DATA EXCERPT:

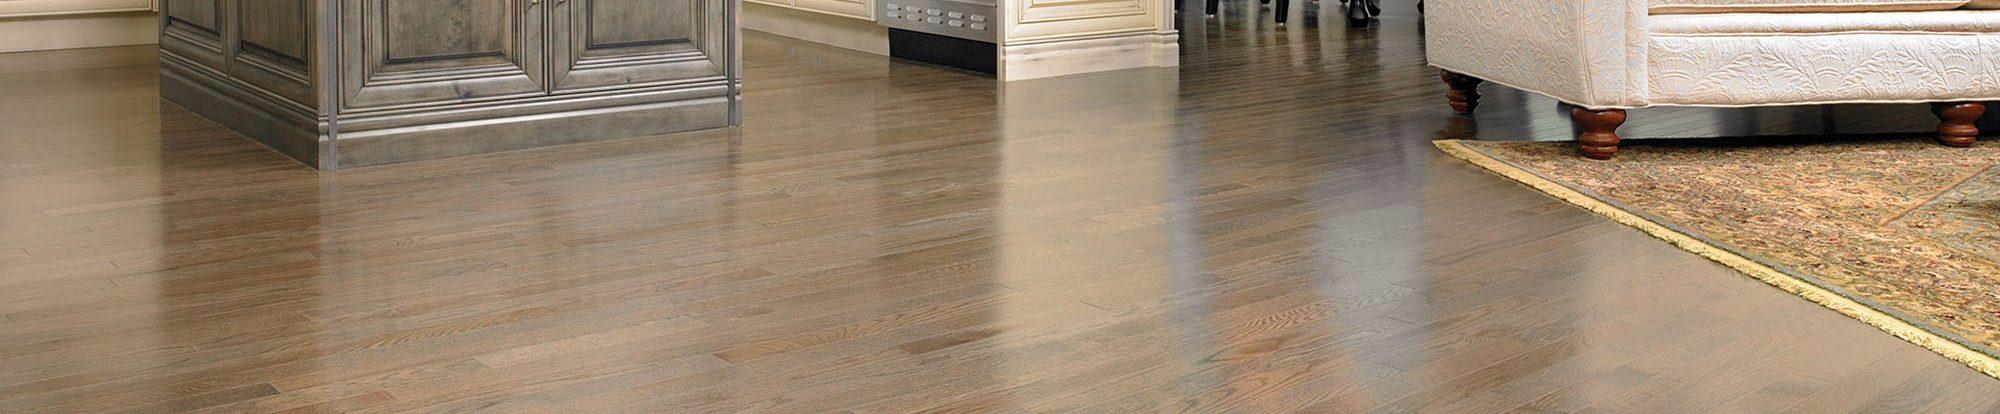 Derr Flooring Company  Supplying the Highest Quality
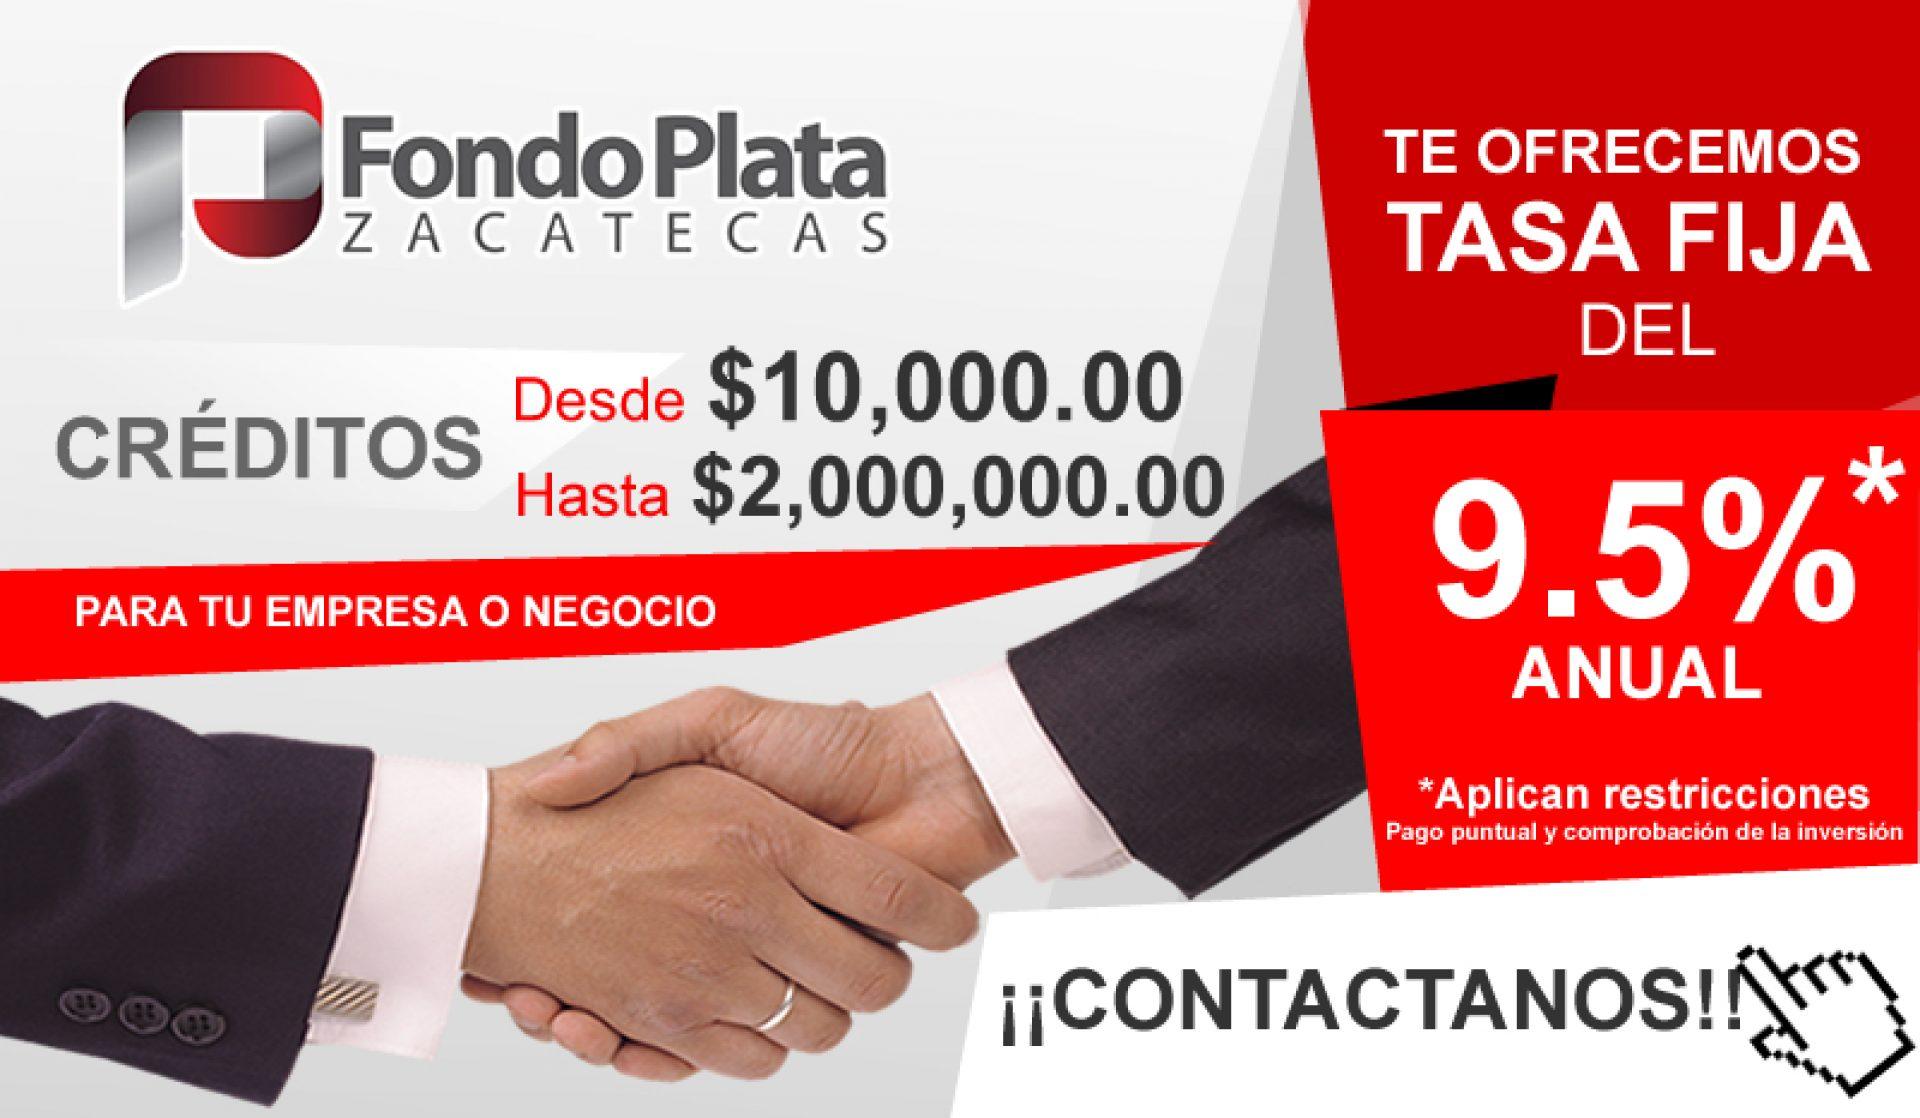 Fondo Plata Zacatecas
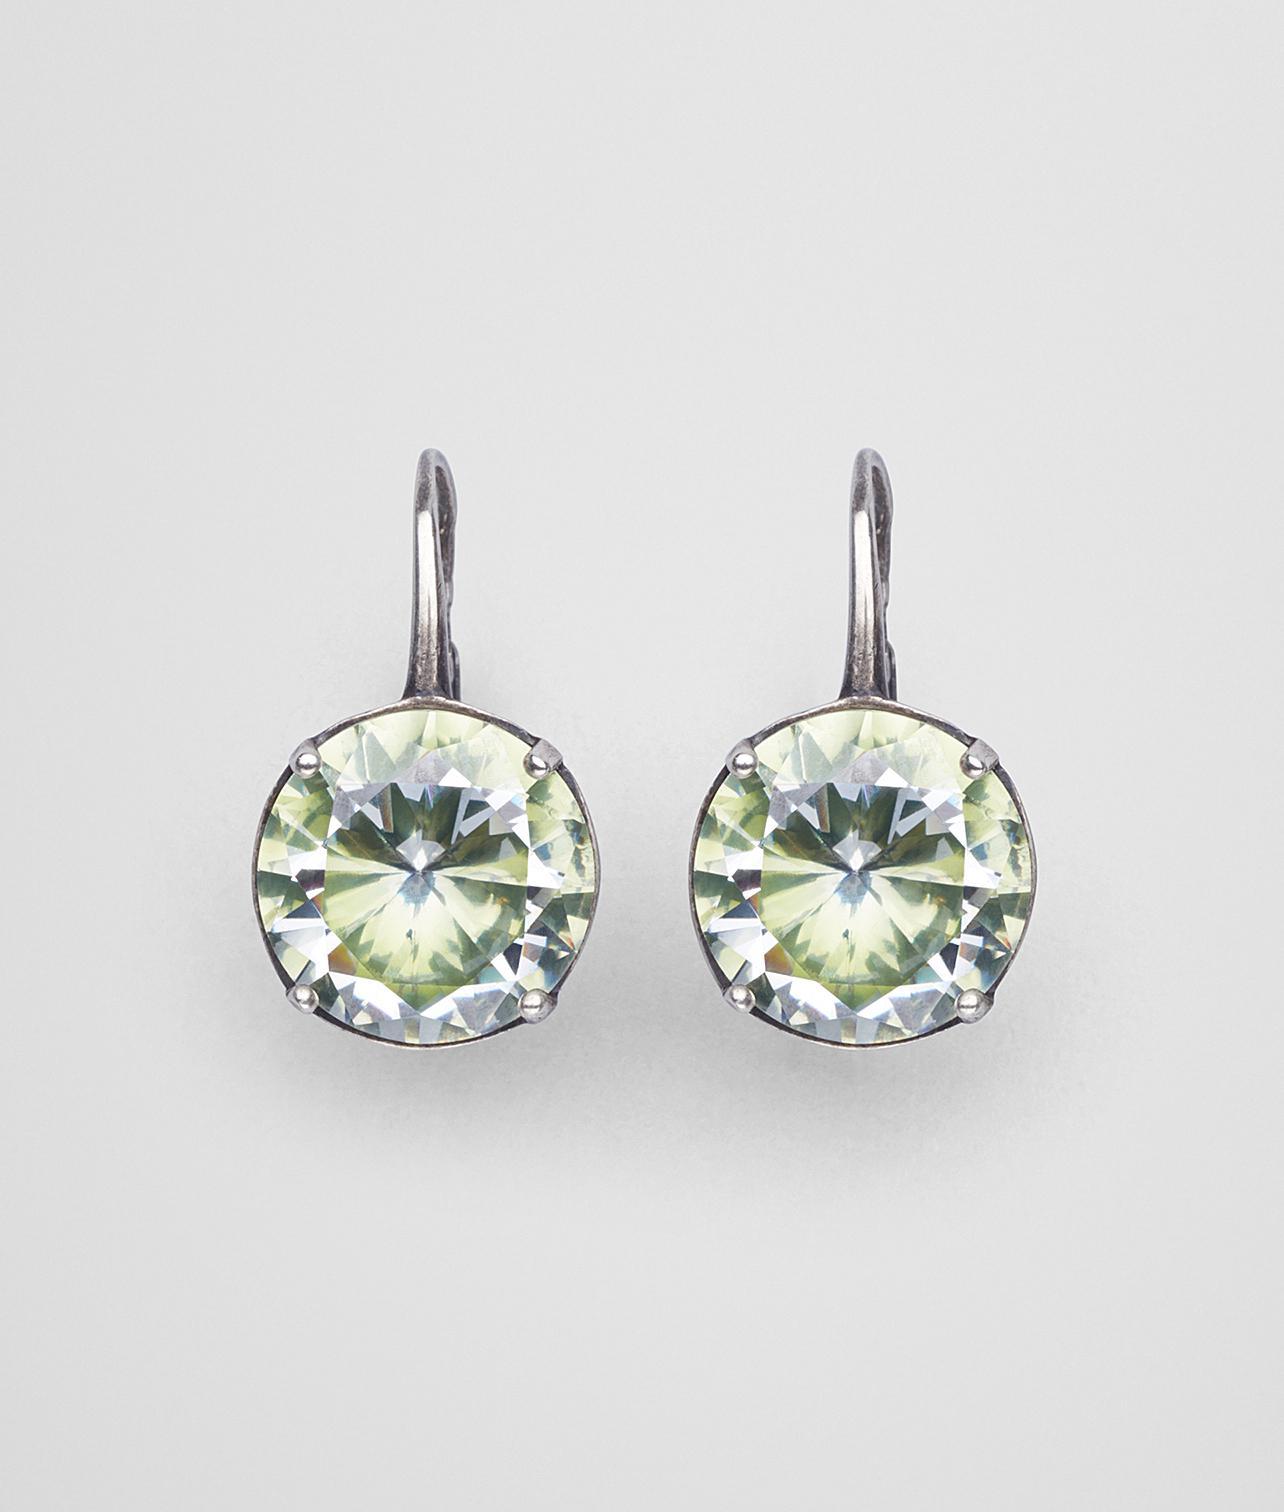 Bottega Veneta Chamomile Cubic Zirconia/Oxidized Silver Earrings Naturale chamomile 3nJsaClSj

EXERCISE DETAILS:
Apart from the images, please copy every line of the data exactly as written.

ANSWER TO THIS TASK:
 Derr Flooring Company  Supplying the Highest Quality
 Fondo Plata Zacatecas
 Bottega Veneta Chamomile Cubic Zirconia/Oxidized Silver Earrings Naturale chamomile 3nJsaClSj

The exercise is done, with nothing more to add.